Octavio Paz definió, sin decirlo expresamente, al ser humano como un mono gramático, un simio que había llegado a inventar la escritura. Sin pretender una ampliación de aquel memorable texto ¿podríamos definirnos los humanos como unos monos melódicos, simios que inventamos la música? Nos armonizaríamos con las teorías evolucionistas y progresistas que florecieron en Europa a cargo de Comte, Darwin, Spencer y Marx, al mismo tiempo que la música wagneriana.
¿Se puede explicar el desarrollo evolutivo de la música en el sentido de una complejización creciente de la armonía tonal que desagua en la atonalidad? Algunos teóricos de lo contemporáneo, como Theodor W. Adorno, contestarían que sí, que hay avance y retroceso, revolución y regresión en el arte.
Los cromatismos de Wagner, que diluyen a menudo la idea misma de tonalidad, están en el centro del debate. ¿En qué tono está el acorde tristanesco? ¿Pueden considerarse atonales algunos momentos parsifalianos? Bien, pero ya Gesualdo da Venosa, en pleno barroco, a la vez que Bach construía las tonalidades modernas siguiendo a Vivaldi, se hartó de cromatizar y luego vino la diafanidad armónica del Setecientos. Quizá Schönberg estaba convencido de ser un mono melodioso al cual la Naturaleza le había confiado la misión de llegar, evolucionando como un primate, al dodecafonismo. En tal caso, Sibelius, el Strauss de Ariadna en Naxos y El burgués gentilhombre, el Stravinski de Juego de cartas y Pulcinella, Poulenc y Manuel de Falla, habrían involucionado hacia los que podríamos llamar homínidos melódicos, abandonando la sala de conciertos por la cueva de Atapuerca.

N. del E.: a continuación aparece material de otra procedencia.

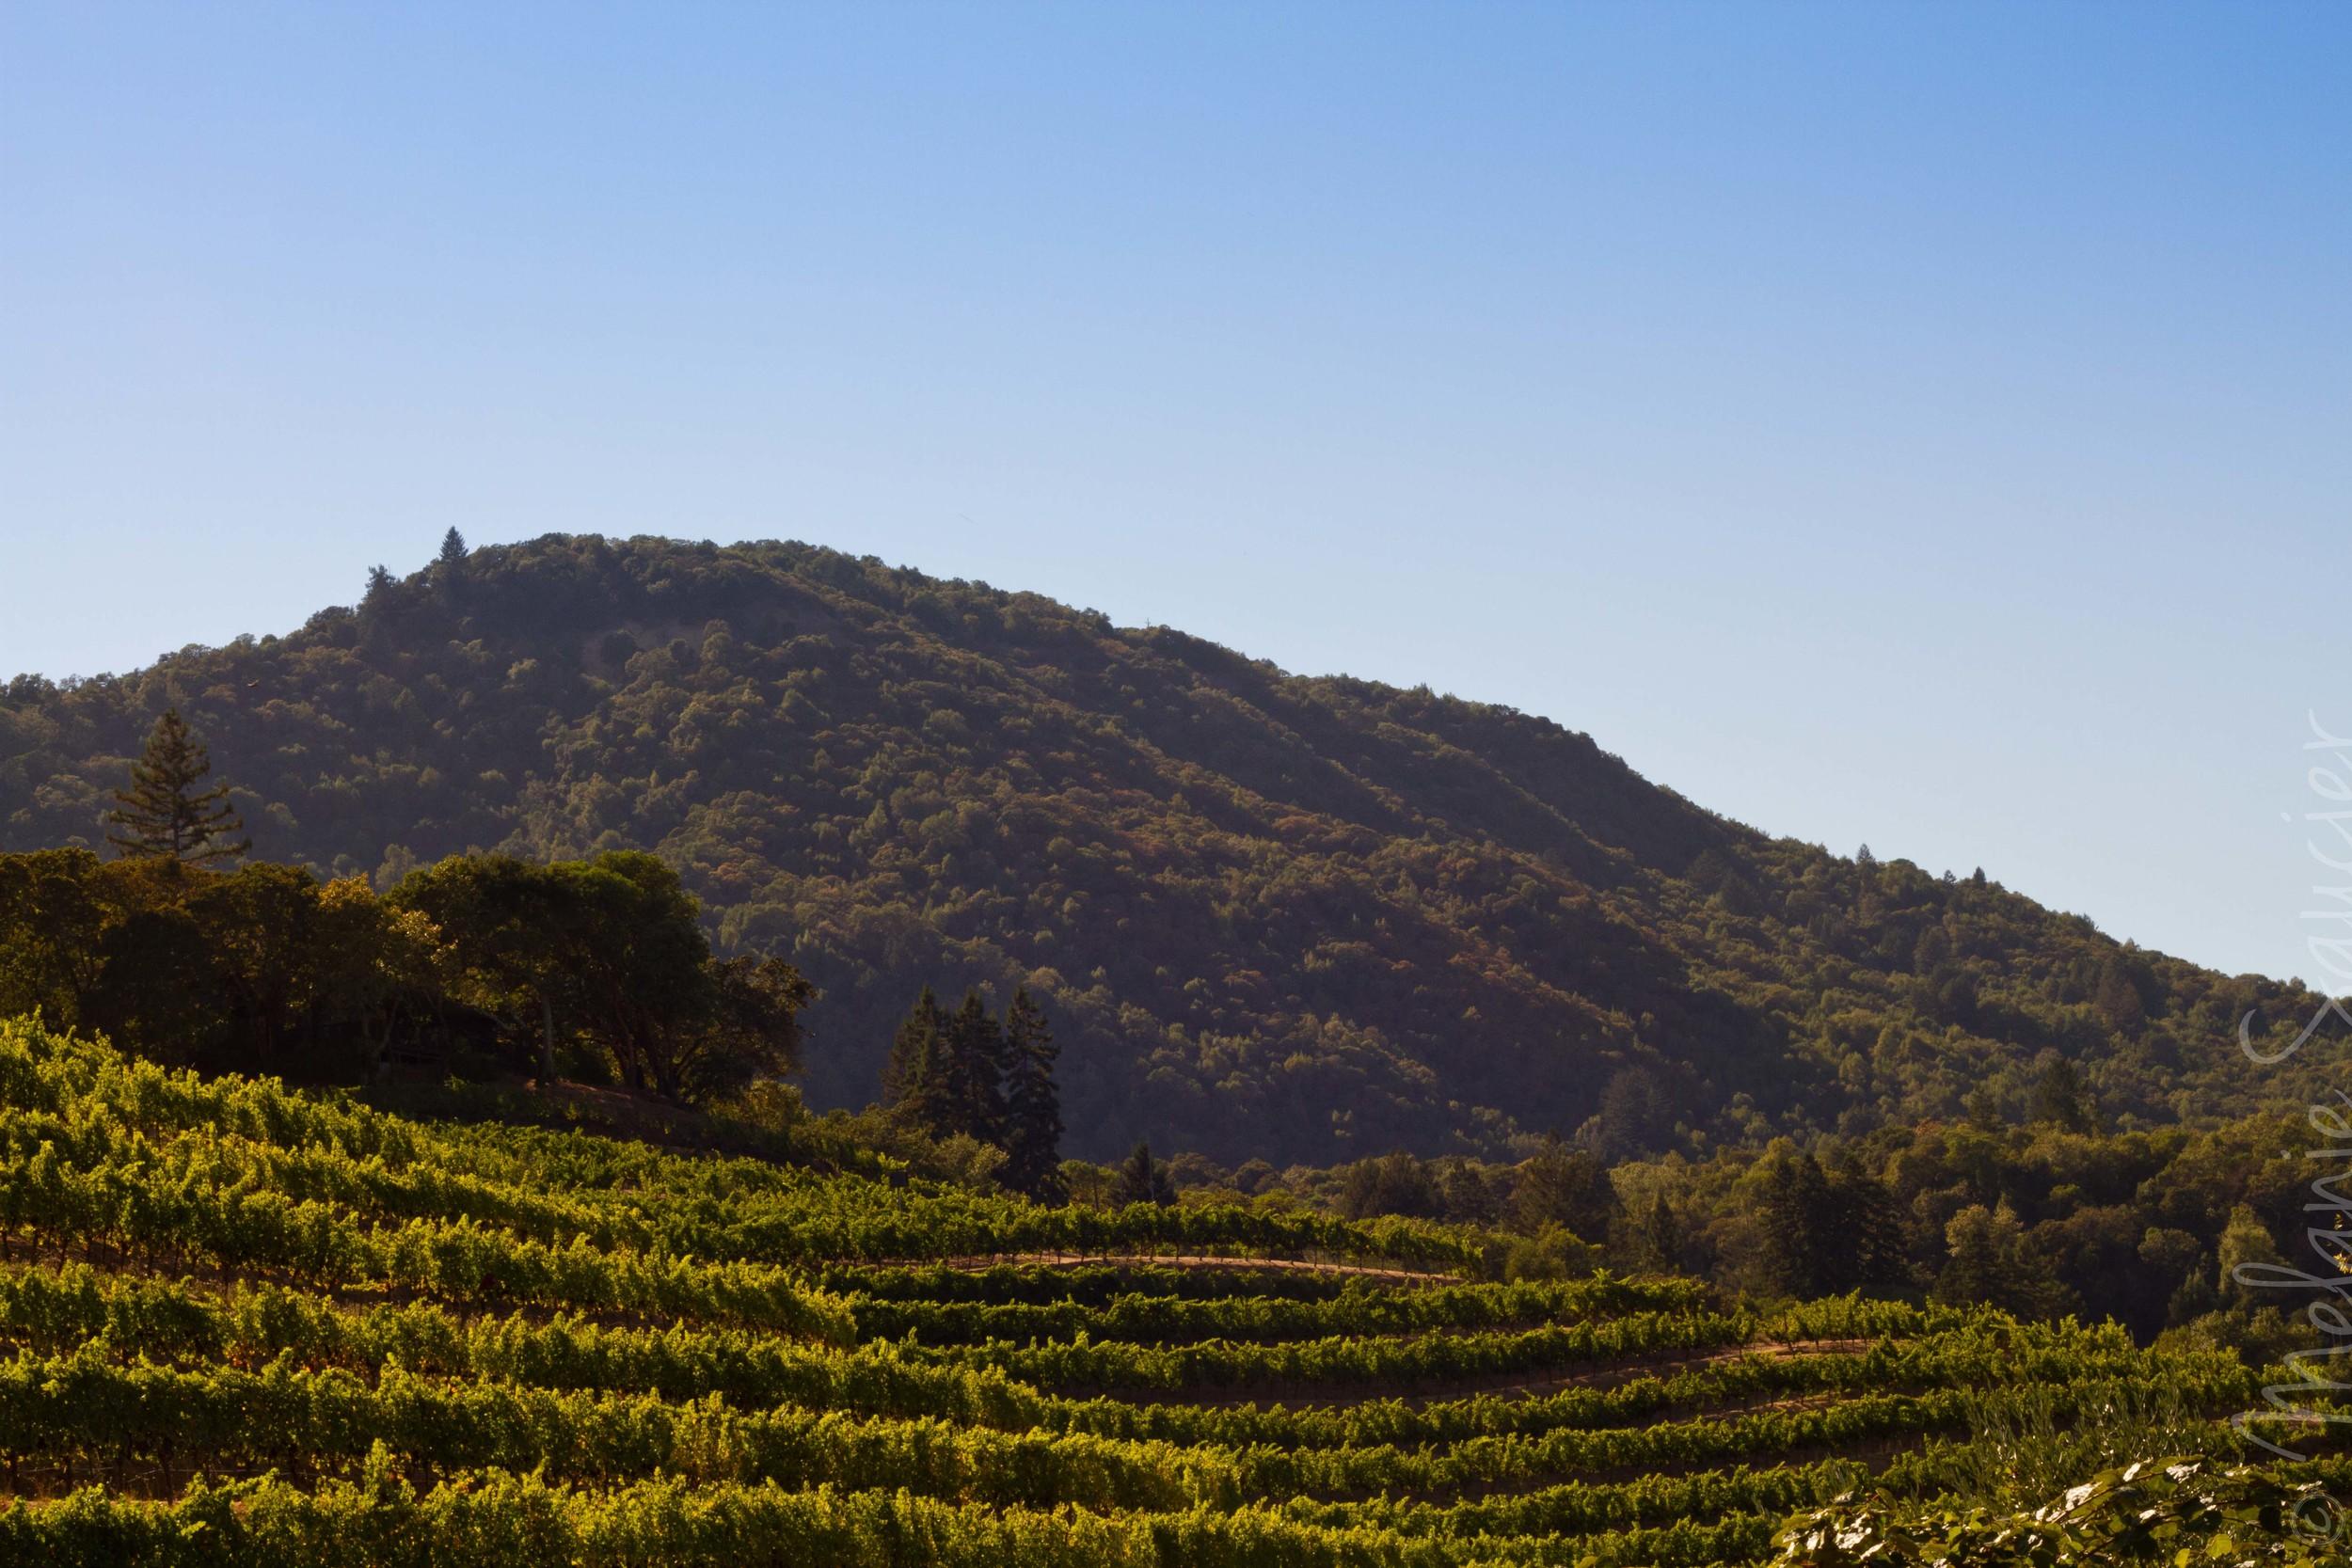 Benziger Winery

¿Es cualquier alumno de armonía, capaz de redactar ejercicios atonales, más moderno que todos esos maestros? ¿Es más moderno Stravinski que Stravinski cuando compone La consagración de la primavera que cuando lo hace con La carrera del libertino? Para reducir al absurdo: si aplicáramos las monerías progresistas a la historia de la música, Mozart y Haydn habrían retrogradado respecto a Gesualdo. Ahí queda eso, con el mono melódico. Según la vulgar cancioncilla porteña del siglo pasado, debida al ingenio de Chico Novarro, balanceándose en la rama y comiéndose una banana.